Consequently, the behavior of fields and methods of java.lang.Character may vary across implementations of the Java SE 8 Platform when processing U+32FF and currency code points U+20BB,U+20BC,U+20BD,U+20BE,U+20BF, except for the following methods that define Java identifiers:
isJavaIdentifierStart(int)
isJavaIdentifierStart(char)
isJavaIdentifierPart(int)
isJavaIdentifierPart(char)
Code points in Java identifiers must continue to be drawn from Unicode 6.2, for source compatibility reasons.
These changes necessitate a Maintenance Review of the Java SE 8 Platform. See the announcement [0] to the OpenJDK community.
[0] http://mail.openjdk.java.net/pipermail/jdk8u-dev/2018-December/008324.html
Specification
The initial portion of specification of the java.lang.Character class is changed from:
/**
* The {@code Character} class wraps a value of the primitive
* type {@code char} in an object. An object of type
* {@code Character} contains a single field whose type is
* {@code char}.
* <p>
* In addition, this class provides several methods for determining
* a character's category (lowercase letter, digit, etc.) and for converting
* characters from uppercase to lowercase and vice versa.
* <p>
* Character information is based on the Unicode Standard, version 6.2.0.
* <p>
* The methods and data of class {@code Character} are defined by
* the information in the <i>UnicodeData</i> file that is part of the
* Unicode Character Database maintained by the Unicode
* Consortium. This file specifies various properties including name
* and general category for every defined Unicode code point or
* character range.
* <p>
* The file and its description are available from the Unicode Consortium at:
* <ul>
* <li><a href="http://www.unicode.org">http://www.unicode.org</a>
* </ul>
*
* <h3><a name="unicode">Unicode Character Representations</a></h3>
to
/**
* The {@code Character} class wraps a value of the primitive
* type {@code char} in an object.
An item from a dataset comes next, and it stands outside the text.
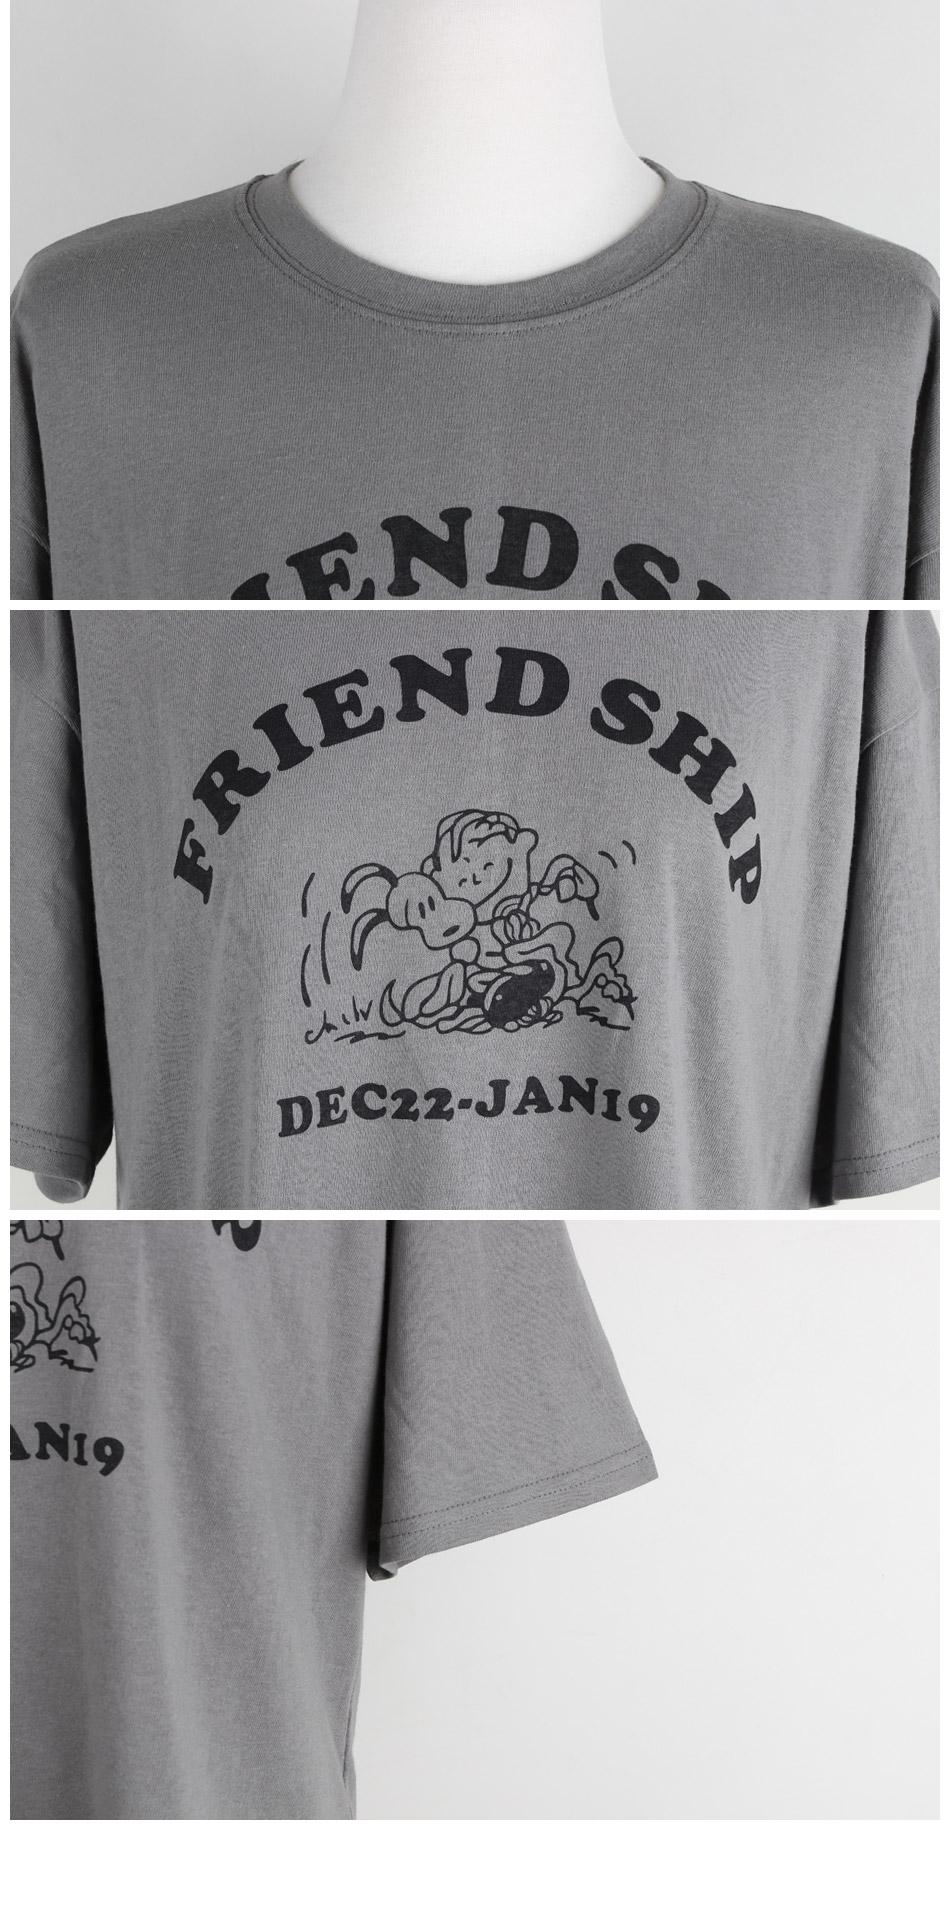 Friend lettering short sleeve tee

An object of class
* {@code Character} contains a single field whose type is
* {@code char}.
* <p>
* In addition, this class provides a large number of static methods for
* determining a character's category (lowercase letter, digit, etc.)
* and for converting characters from uppercase to lowercase and vice
* versa.
*
* <h3><a id="conformance">Unicode Conformance</a></h3>
* <p>
* The fields and methods of class {@code Character} are defined in terms
* of character information from the Unicode Standard, specifically the
* <i>UnicodeData</i> file that is part of the Unicode Character Database.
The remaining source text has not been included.